The CANBERRA took Turpin aboard and had him hospitalized, examined, tested and treated by the ship's surgeon and assistant surgeon. He was cared for by the ship's nurses and was given medication and nourishment. After taking Turpin aboard, the CANBERRA continued at its increased speed to New York, arriving on July 8, 1973, about two and one-half hours after her scheduled arrival time, having travelled 232 extra miles because of the request for assistance by the OVERSEAS PROGRESS. Turpin was transferred to a Public Health Service hospital for further treatment; he survived the attack.
In August, 1973, defendant received a bill from plaintiff's New York landing agent for $248 for services rendered by the CANBERRA's surgeon; the defendant paid that bill. On September 26, 1973, plaintiff billed the defendant's agent for CANBERRA's diversion costs, other medical and out-of-pocket expenses totalling $12,108.95. Defendant declined to pay. This action was then commenced.
Once it became apparent that Turpin's illness was serious the defendant became obligated to make reasonable efforts to provide him with medical care. See The Iroquois, 194 U.S. 240, 243, 24 S. Ct. 640, 48 L. Ed. 955 (1904); G. Gilmore & C. Black, The Law of Admiralty, 2d ed., § 6-13 at 310. The question is whether the defendant, by entrusting Turpin to plaintiff's care, became liable for the CANBERRA's diversion costs and out-of-pocket expenses.

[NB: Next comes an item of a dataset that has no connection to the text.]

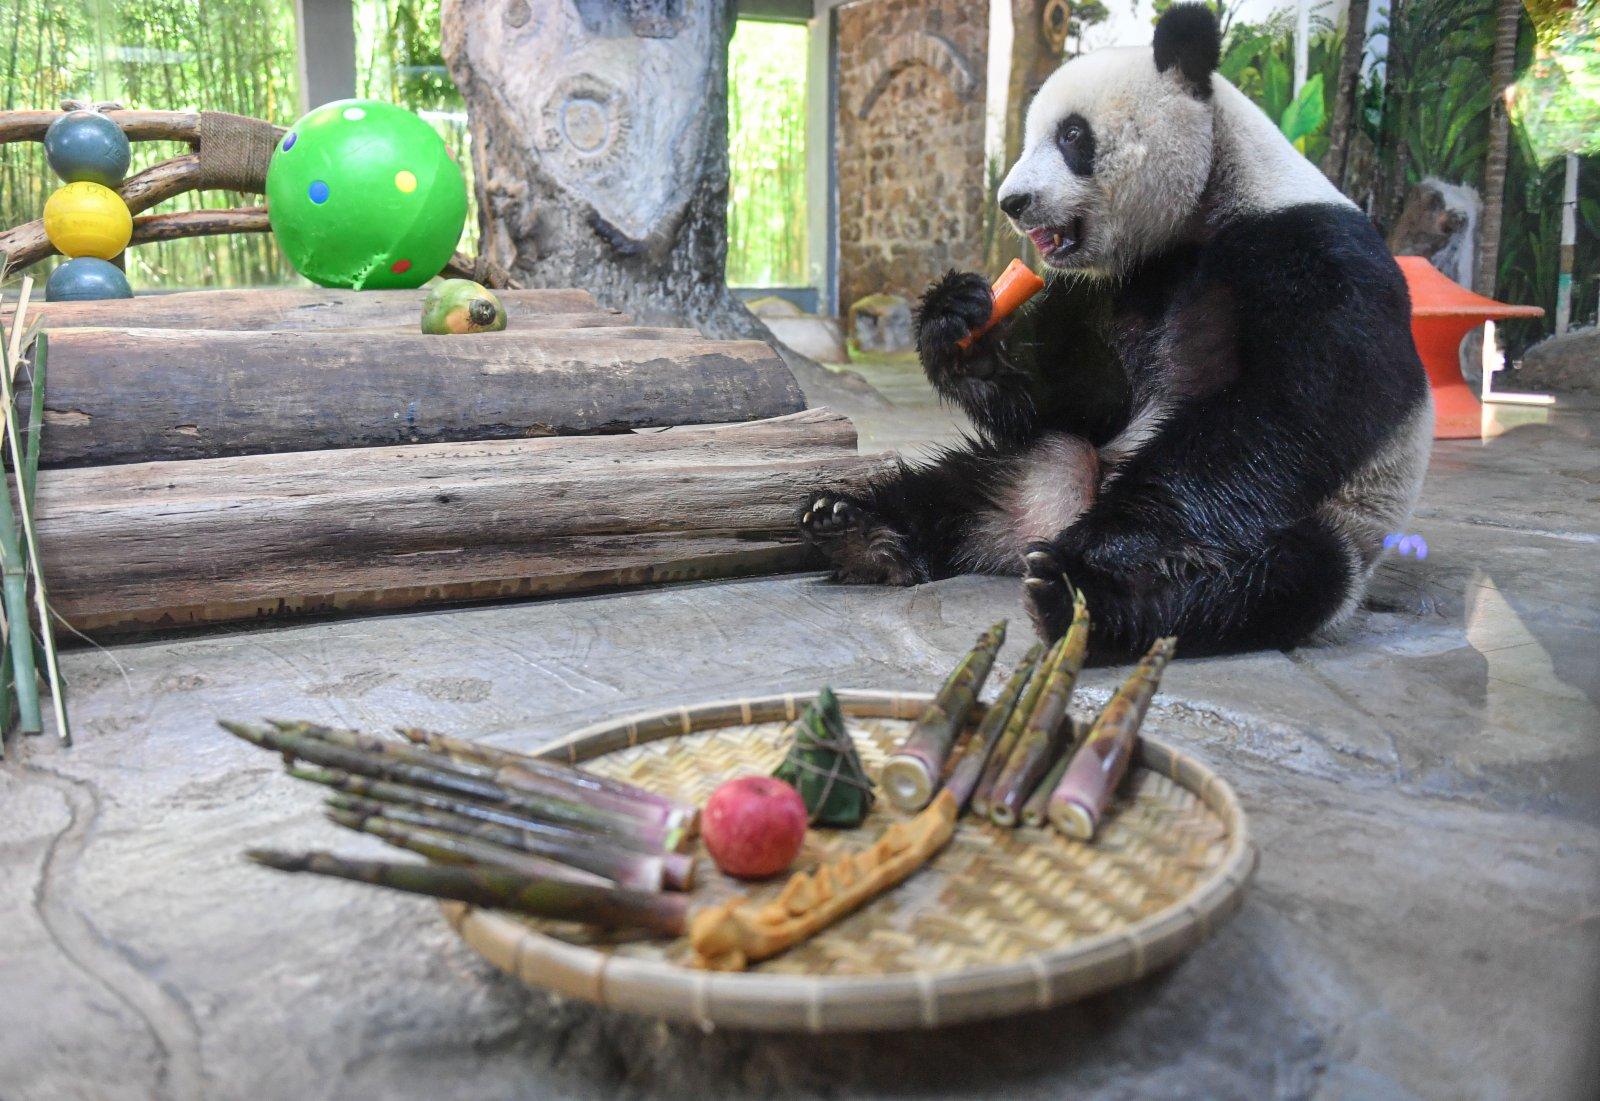 6月14日,在位於海口的海南熱帶野生動植物園,大熊貓「貢貢」享用美食。(新華社)

The arguments of the parties raise two issues: 1) whether the action is, in essence, an attempt at remuneration for "pure life salvage" and 2) whether there can be a recovery based on contract (quantum meruit or unjust enrichment).

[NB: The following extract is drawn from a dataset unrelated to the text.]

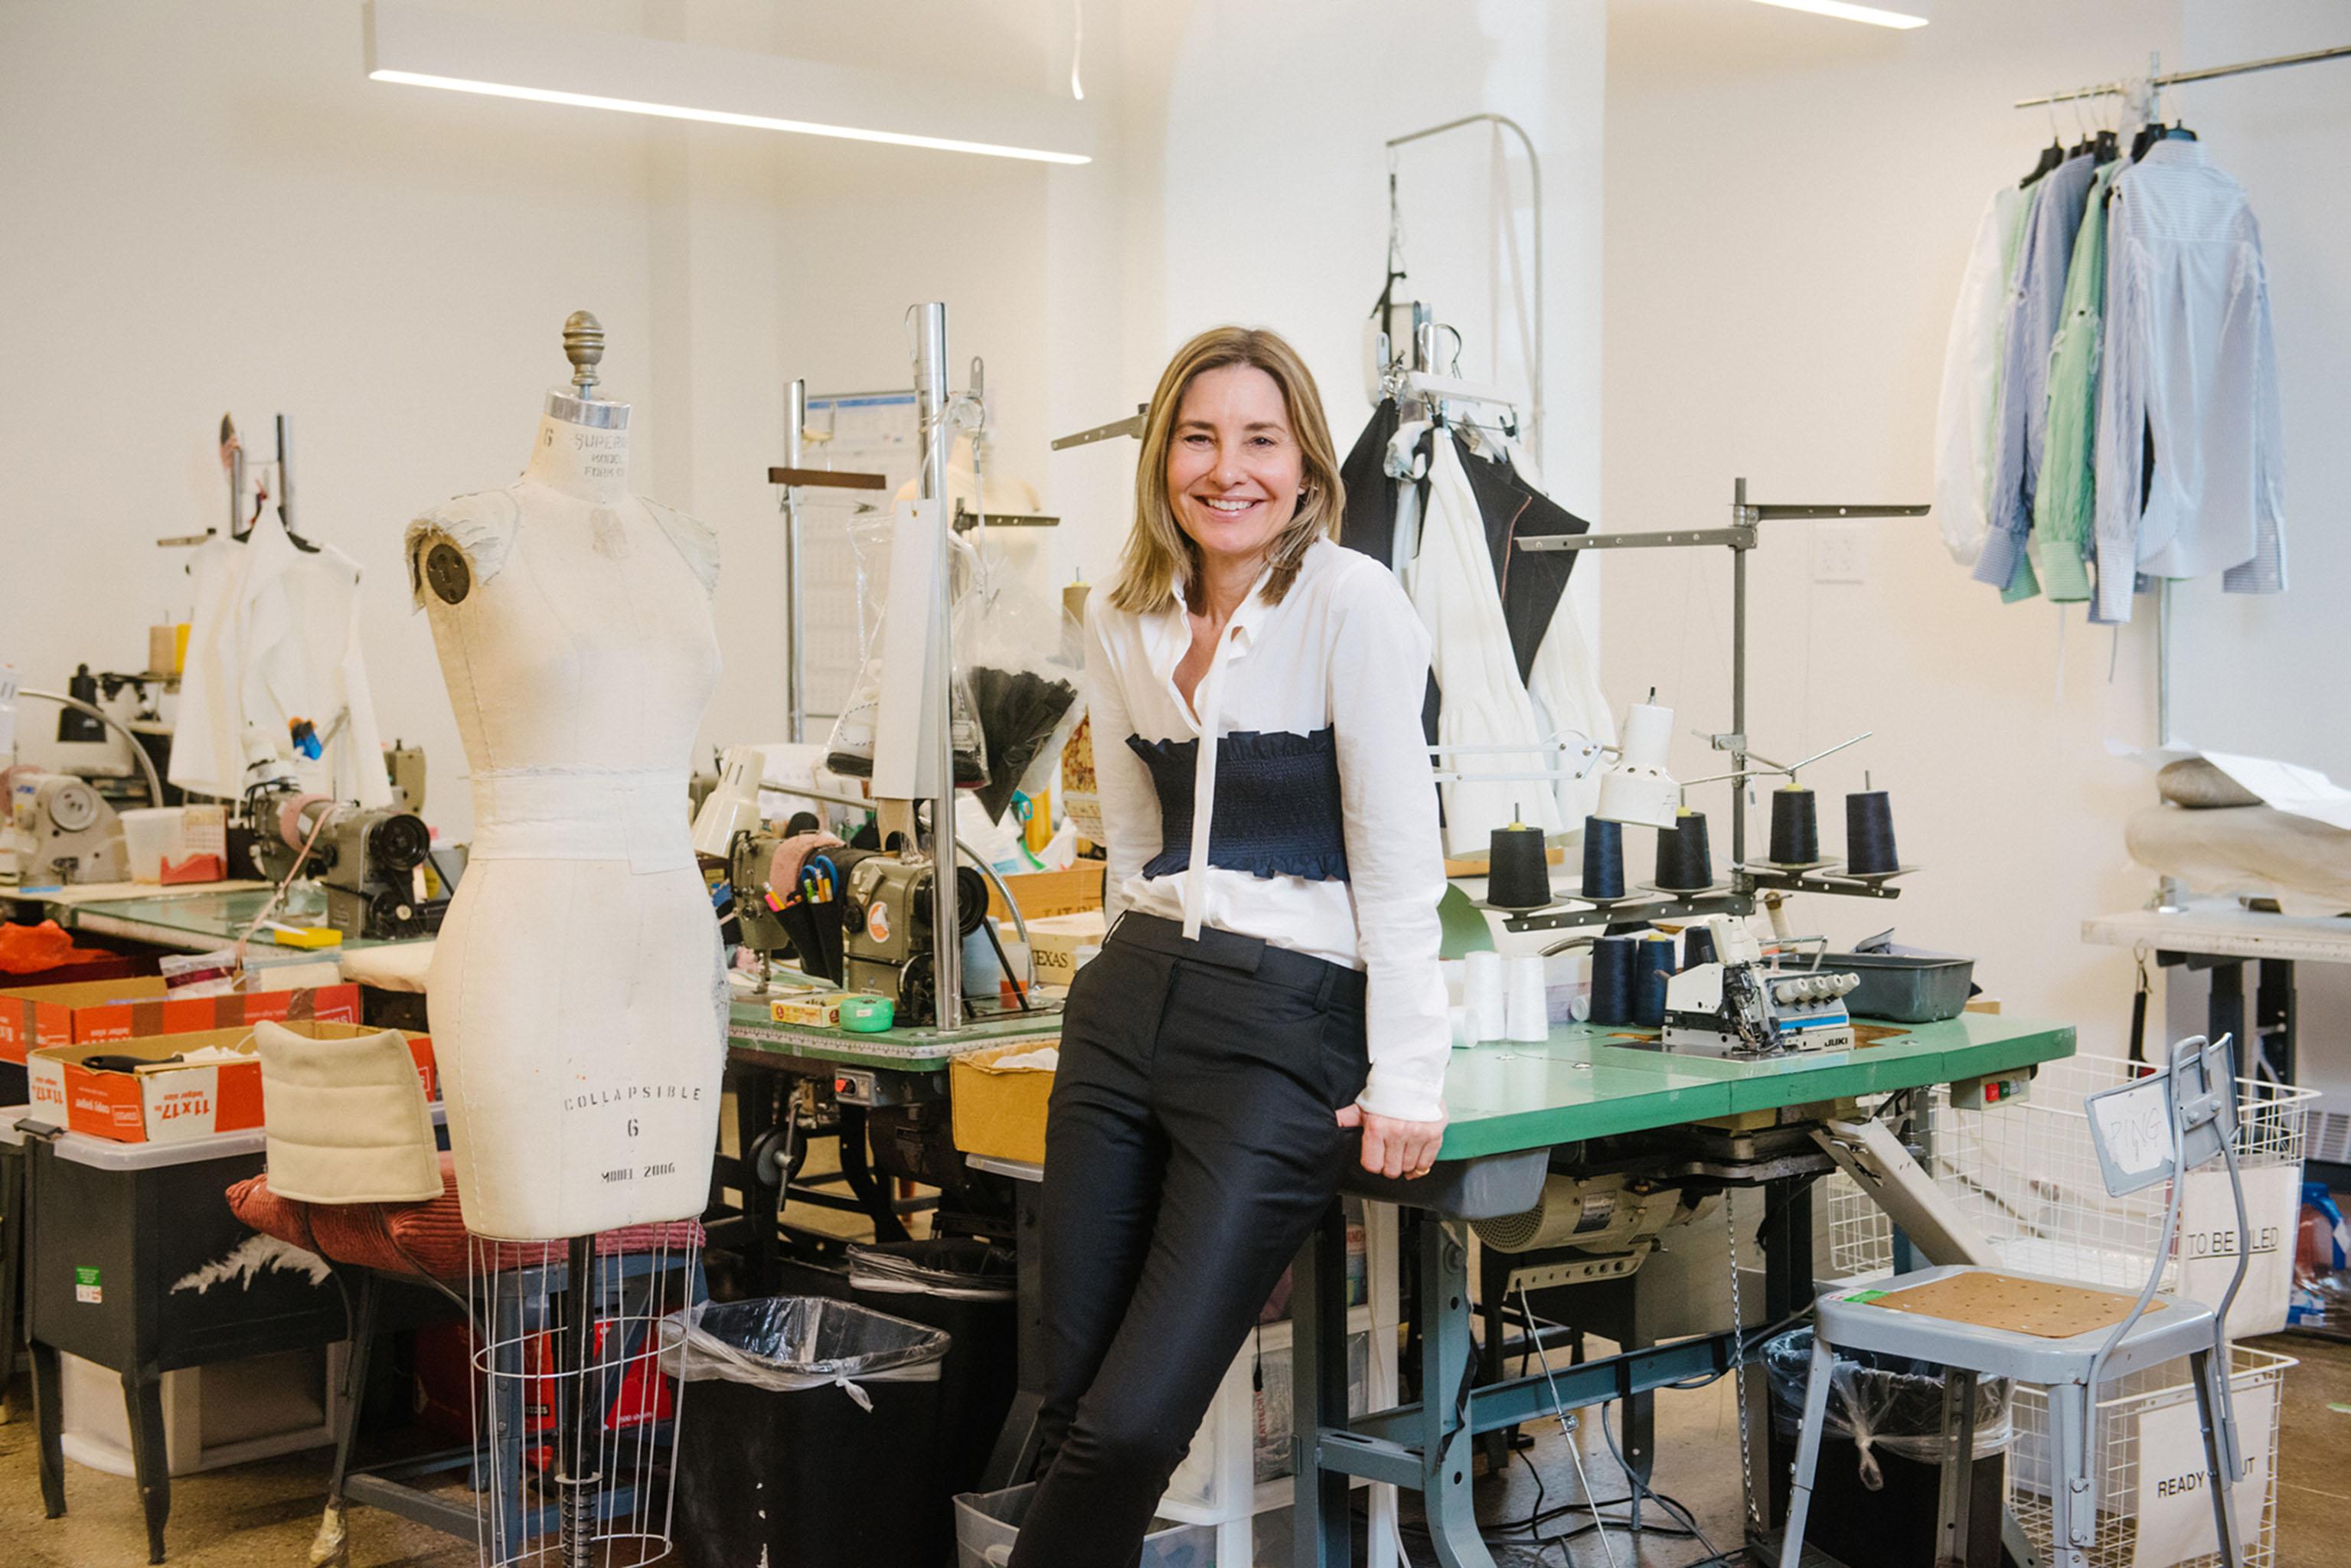 Amy Smilovic in her New York studio.

Defendant contends that plaintiff is actually seeking an award for life salvage and that it is hornbook law that pure life salvage, per se, is insufficient to allow a recovery. As The Law of Admiralty, supra, states, § 8-1 at 532:
"Historically, the saving of life was regarded as fulfilling a moral duty but not as entitling the salvor to a reward. Thus there was a natural temptation to save property first and look around for survivors later. Life salvors now have by statute a right to a 'fair share' of the award made to salvors who have saved property on the same occasions.
Life salvage, unaccompanied by property salvage, still goes unrewarded."
Plaintiff counters that this is not pure life salvage since it saved the defendant considerable expense. This saving of expense, in and of itself, is sufficient to constitute a form of "salvage," argues plaintiff. See Brown, Compensation For Life Salvage at Sea, 2 Hastings L.J. 53, 55 (1951). In addition, plaintiff contends that life salvage principles are inapplicable here as it is seeking only reimbursement for expenses and not a salvage award.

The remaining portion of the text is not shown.